Any cross-country skier knows that what they do is a sport that uses the whole body. After a competition or a cross-country ski training session, your legs will be tired, but also your arms and maybe your back and abs or many more specific muscle groups that often do not receive a specific training. But playing a sport that uses the whole body does not mean that all these muscles are contributing equally.
Cheating muscles
The arms are not as efficient at extracting oxygen during exercise. The results obtained in different studies on the double-cane movement strongly supported this existing pattern. All this despite the fact that athletes trained in endurance sports such as cross-country skiing are known to be better at extracting oxygen from the blood to the muscles, which contributes to their efficiency in these types of sports.
The ability to send more blood throughout the body with fresh oxygen helps, but the ability of the muscles to extract oxygen is also or even more important. If oxygen is not available, the muscles cannot use it and in aerobic exercise they have to use it. Oxygen is an essential element in the process that breaks down glucose into ATP. So what does this mean for skiers who only rely on their arms and not their legs to propel themselves through the snow? maybe a change in technique.
Why are the arms so inefficient?
For whatever reason, the arms are not as good at extracting oxygen as the legs. It is not a specific problem of cross-country skiing, having already been shown in studies that evaluated specific arm and leg exercises separately and on the other hand activities of the whole body.
It is also a matter of debate whether the amount of specific upper body training can help as some studies have found that this type of training increases oxygen extraction significantly, but others have found that it doesn’t make much of a difference.
For cross-country skiing, the extraction of oxygen by the arm muscles is somewhat technique dependent.
Near the lactate threshold and maximum effort the arms have a lower oxygen extraction capacity and higher lactate levels, but after exertion the accumulated lactate is eliminated from the arm muscles more quickly.
In alternate or alternate gait, the arms generate half the propulsion of the body, but the force generated by the legs is actually higher than that of the arms. In this technique when the intensity and workload increase, the strength of the arms remains almost the same, while most of the gains in speed come from the gradual increase in the force generated by the legs.

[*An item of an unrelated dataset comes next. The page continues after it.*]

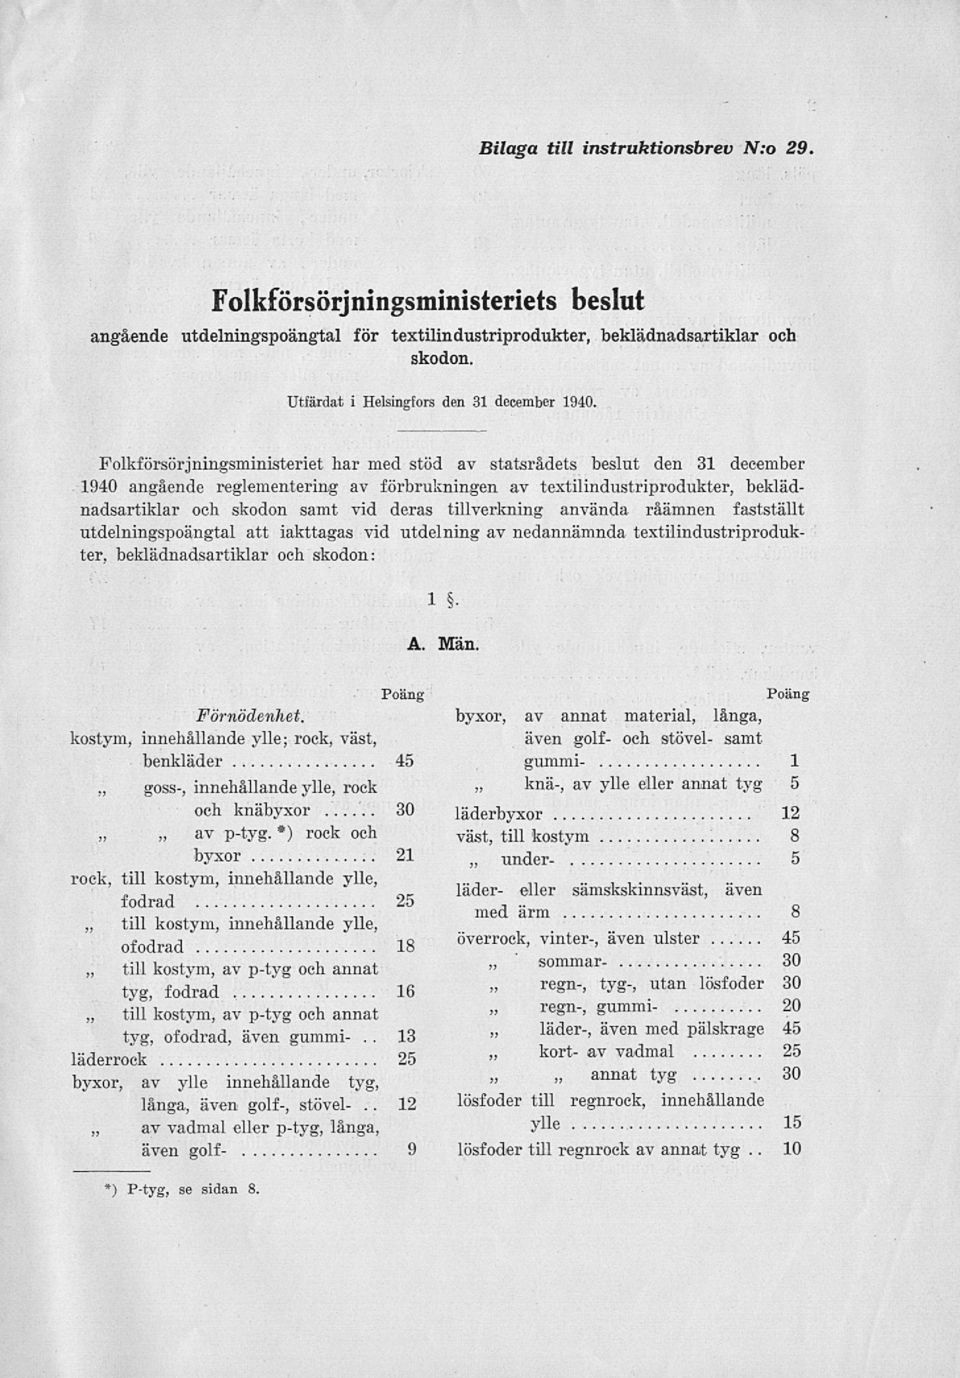 Folkförsörjningsministeriet har med stöd av statsrådets beslut den 31 december 1940 angående reglementering av förbrukningen av textilindustriprodukter, beklädnadsartiklar och skodon samt vid deras

So in this technique it is perhaps not surprising that the arms do not play such an efficient role. Although they are important, the legs are what make the difference in speed. But what about the double baton technique?
Despite the fact that the upper part of the body generates almost all of the propulsion of a skier on a double pole, the extraction of oxygen by the muscles of the arms is still lower than by the muscles of the legs in this type of movement and It does not seem to change with the effectiveness of exercise (technical improvement). In addition, the oxygen extraction of the arms is on average lower during the exercise with the double pole compared to the contribution of the legs compared to some previous studies carried out in alternate gait.
Conclution
Doing more double poles in sessions to shine in our runs could put into question how upper body strength or the amount of long double pole training sessions really matter as well.
The fact of doing more hours of training does not necessarily mean better oxygen extraction by the arms, this maybe not exactly great news for runners who only think about doing long hours to reach their goals, but we can contribute some possible keys to increasing oxygen extraction by the arms. For example, giving more recovery time during each cycle of oscillation of the poles can give us an improvement in efficiency. Skiers who use their legs more in double poles (keep the body upright, extend and flex the hips, knees and ankles) are able to extract more oxygen from both the upper and lower body.
Only upper body training can’t really overcome some of the physiological limitations to make those muscles more efficient. But spend a few hours doing double batons focusing the attention on performing a good, efficient and effective technique if it can allow us physiological improvements.
References
- Stoggl, T., Bjorklund, G., and Holmberg, H.-C., 2013. Biomechanical determinants of oxygen extraction during cross country skiing. Scandinavian Journal of Medicine and Science in Sports 23: e9-e20.
- Calbet, JAL, Holmberg, H.-C., Rosdahl, H., van Hall, G., Jensen-Urstad, M., and Saltin, B., 2005. Why do arms extract less oxygen than legs during exercise? American Journal of Physiology – Regulatory, Integrative, and Comparative Physiology 289: R1448-R1458.
- Bjorklund, G., Stoggl, T., and Holmberg, HC, 2010. Biomechanically influenced differences in O2 extraction in diagonal skiing: arm versus leg. Medicine and Science in Sports and Exercise 42: 1899-1908.